### PROBLEM
For the records below, output word for word the lines from the one with "Pengenalan Saham oleh Bursa Efek Indonesia" up to and including the one with "TARIFA ガンメタ 26535PSU03". No pictures.
[Opening INFORMATION GIVEN section]
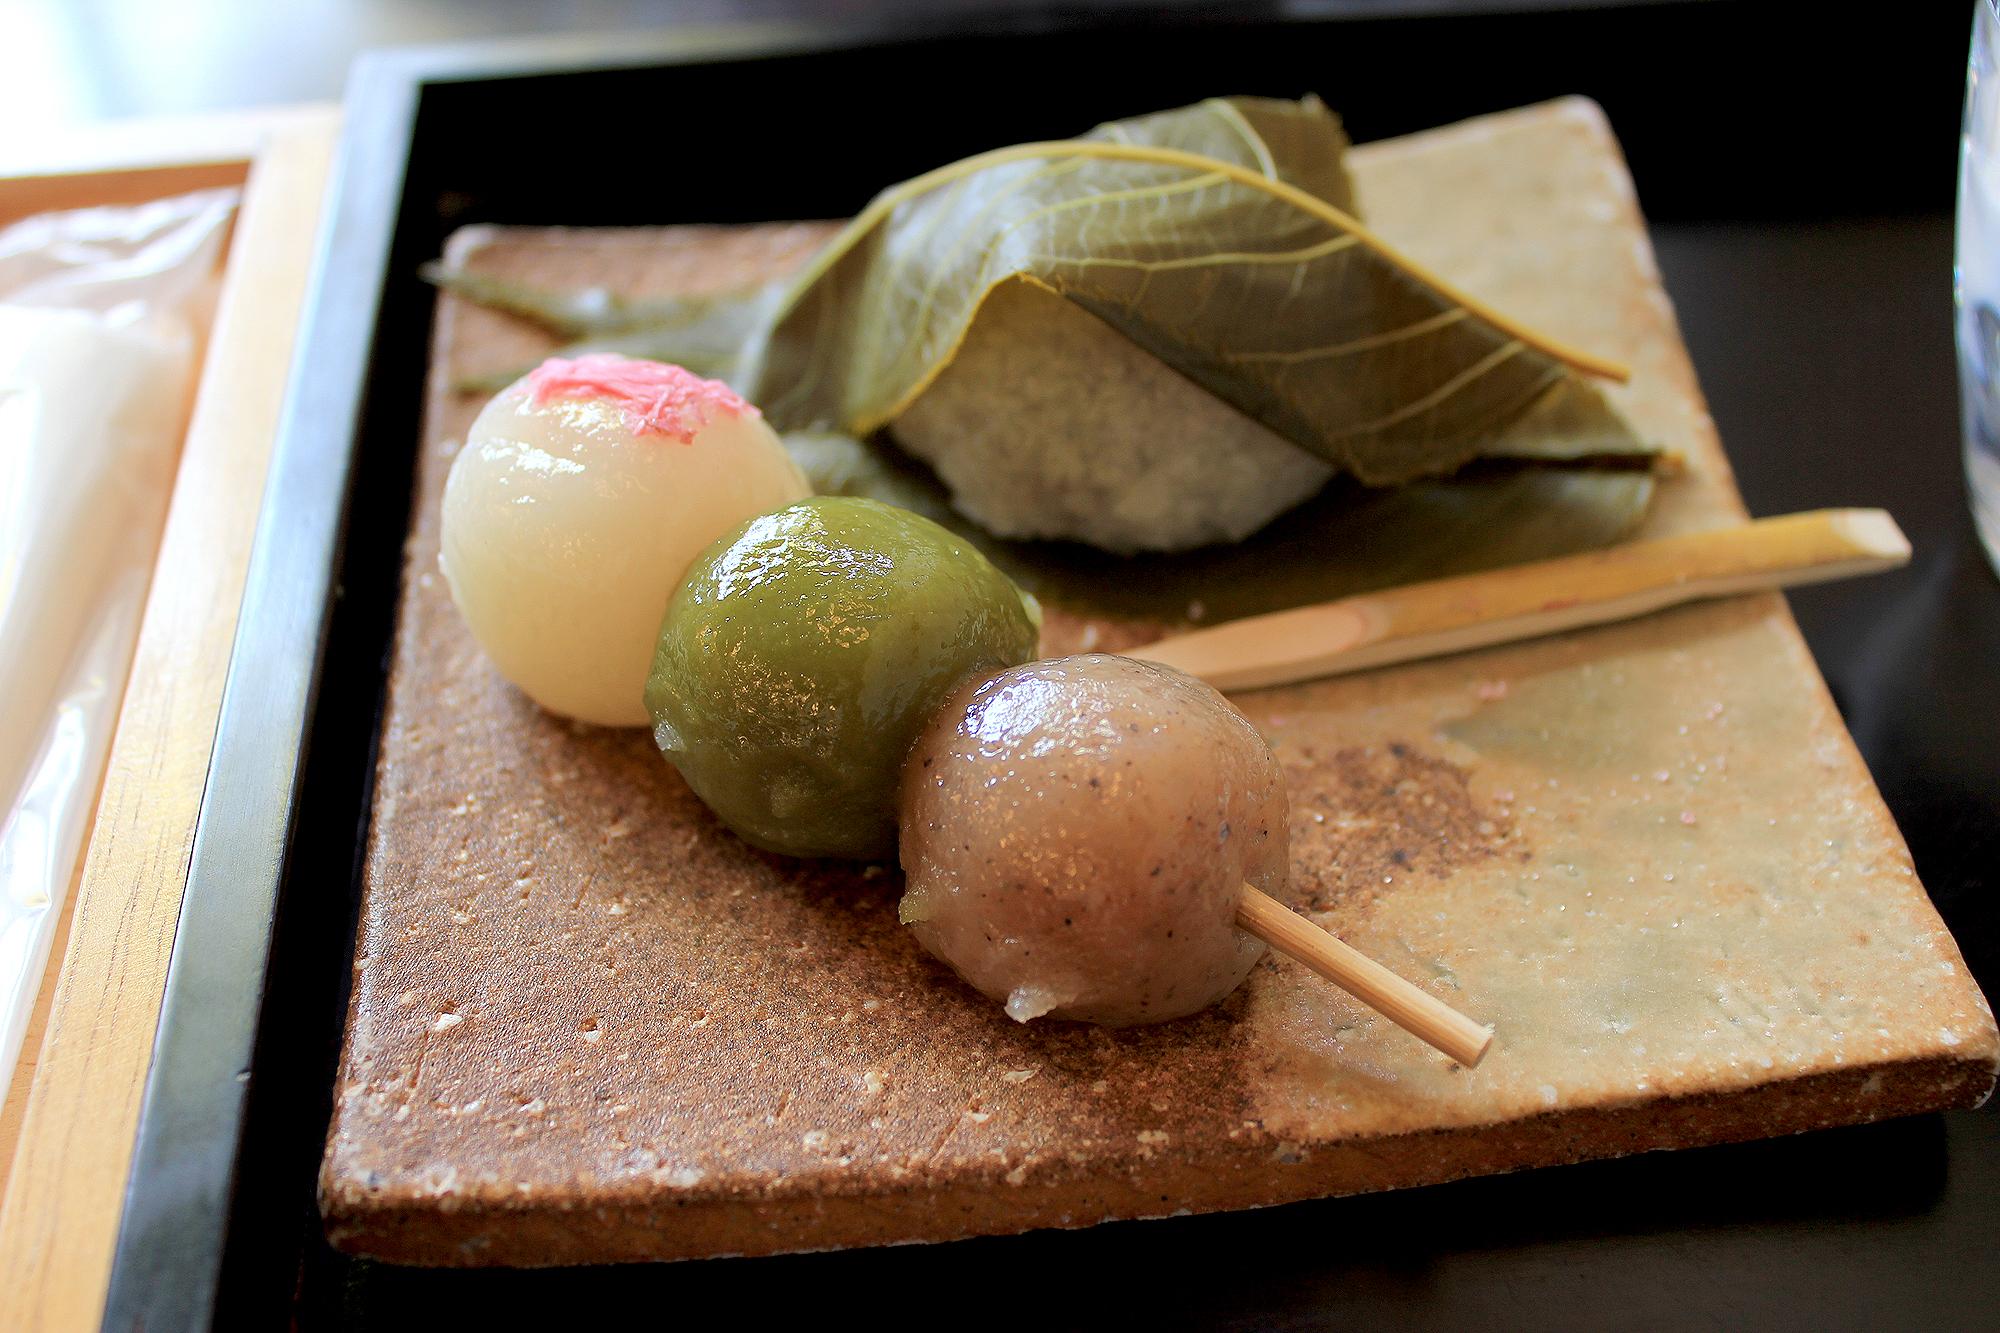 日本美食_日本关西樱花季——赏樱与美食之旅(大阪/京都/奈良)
[Closing INFORMATION GIVEN section]
[Opening INFORMATION GIVEN section]
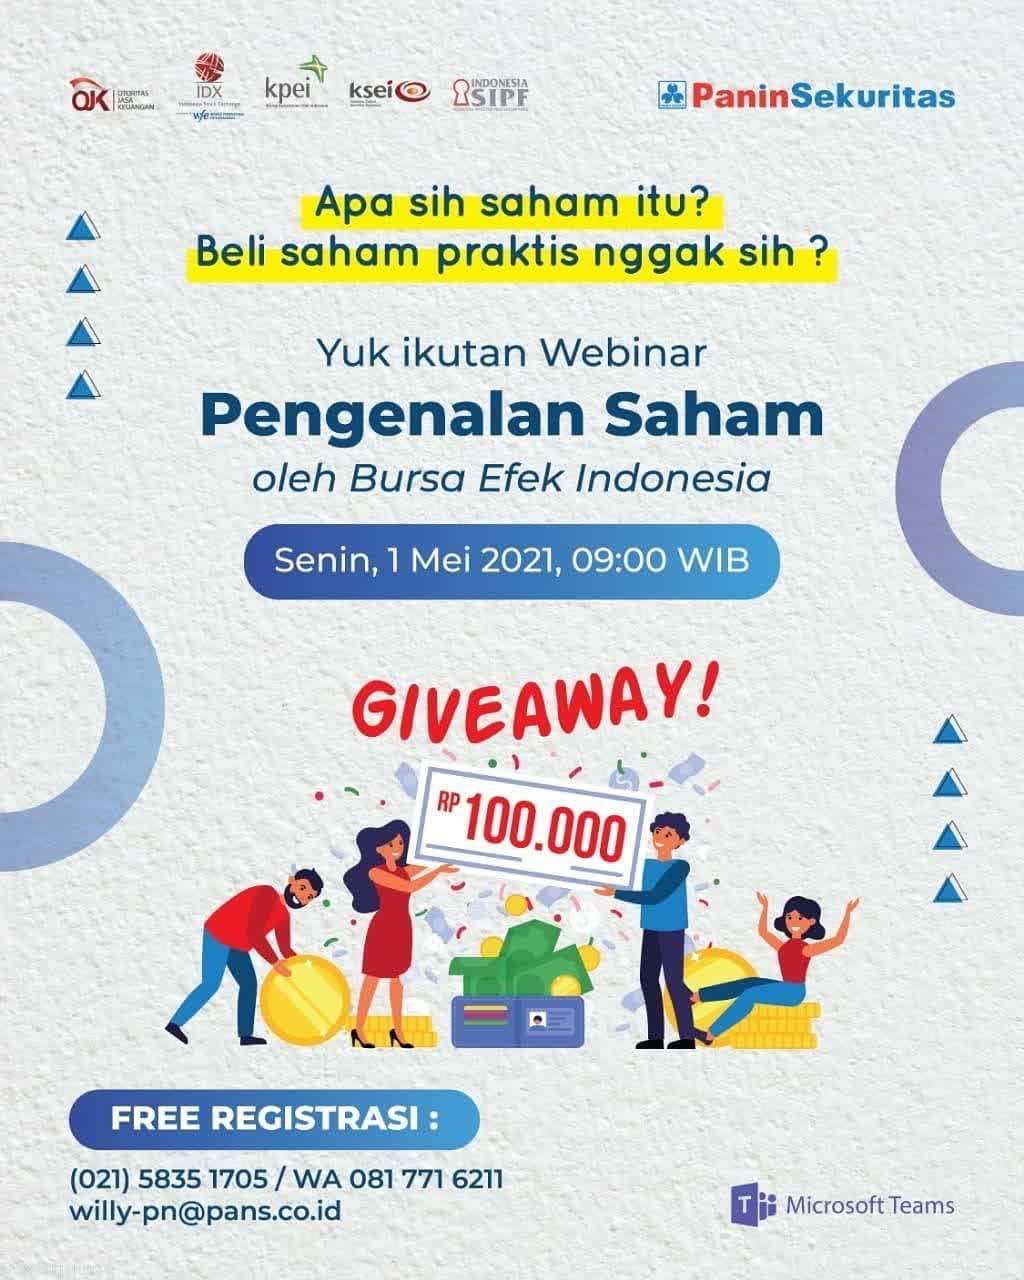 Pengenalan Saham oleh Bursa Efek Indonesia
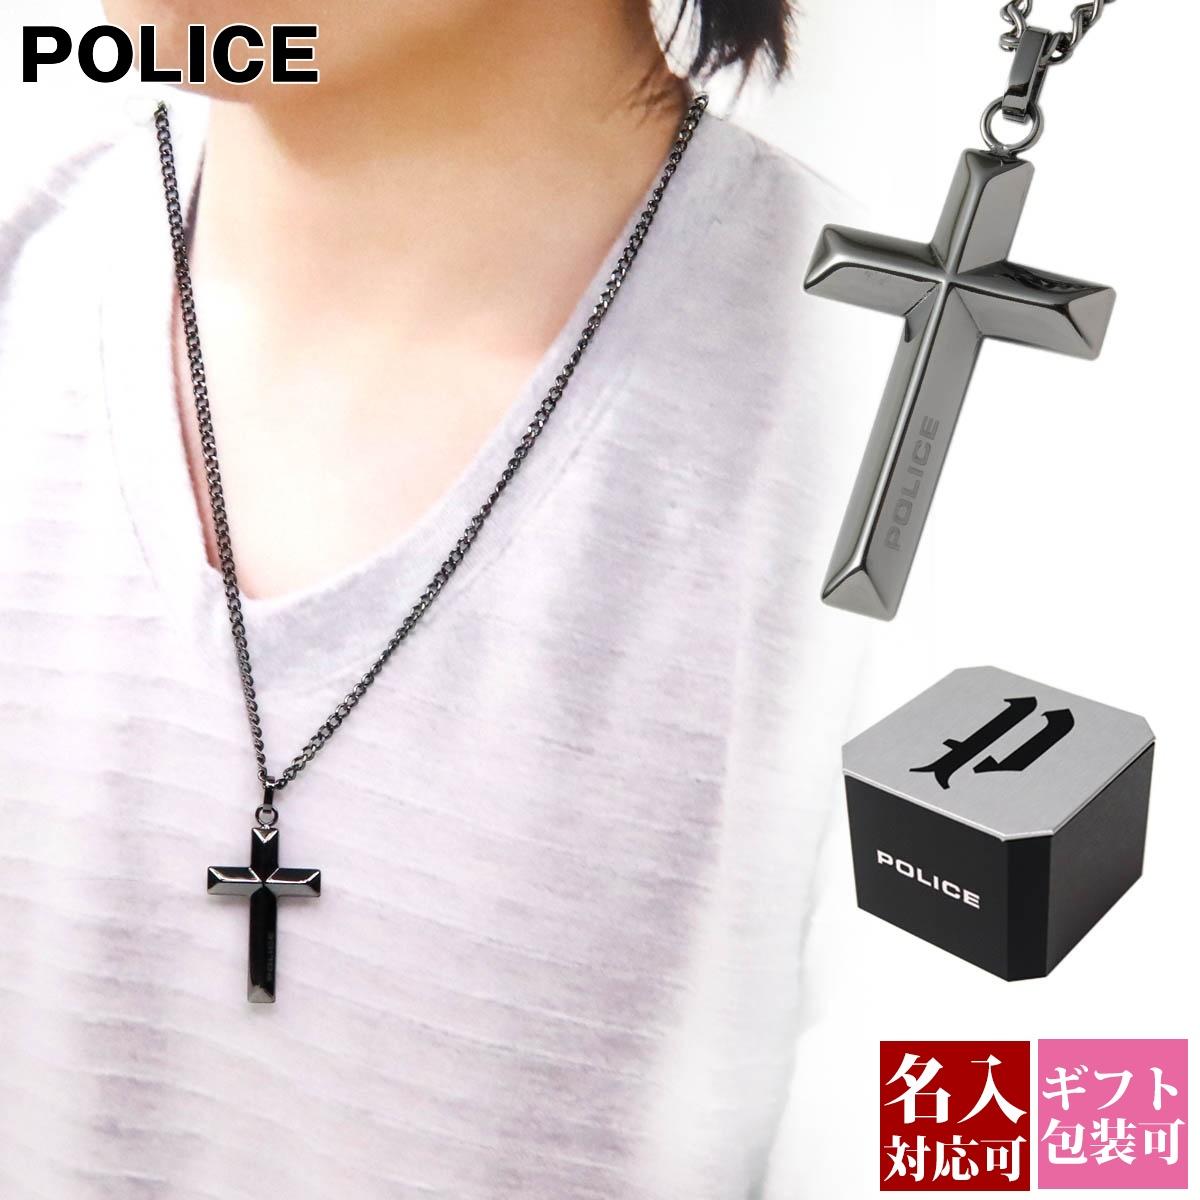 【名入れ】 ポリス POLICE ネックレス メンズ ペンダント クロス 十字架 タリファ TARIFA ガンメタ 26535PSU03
[Closing INFORMATION GIVEN section]
### EXPECTED ANSWER
 Pengenalan Saham oleh Bursa Efek Indonesia
 【名入れ】 ポリス POLICE ネックレス メンズ ペンダント クロス 十字架 タリファ TARIFA ガンメタ 26535PSU03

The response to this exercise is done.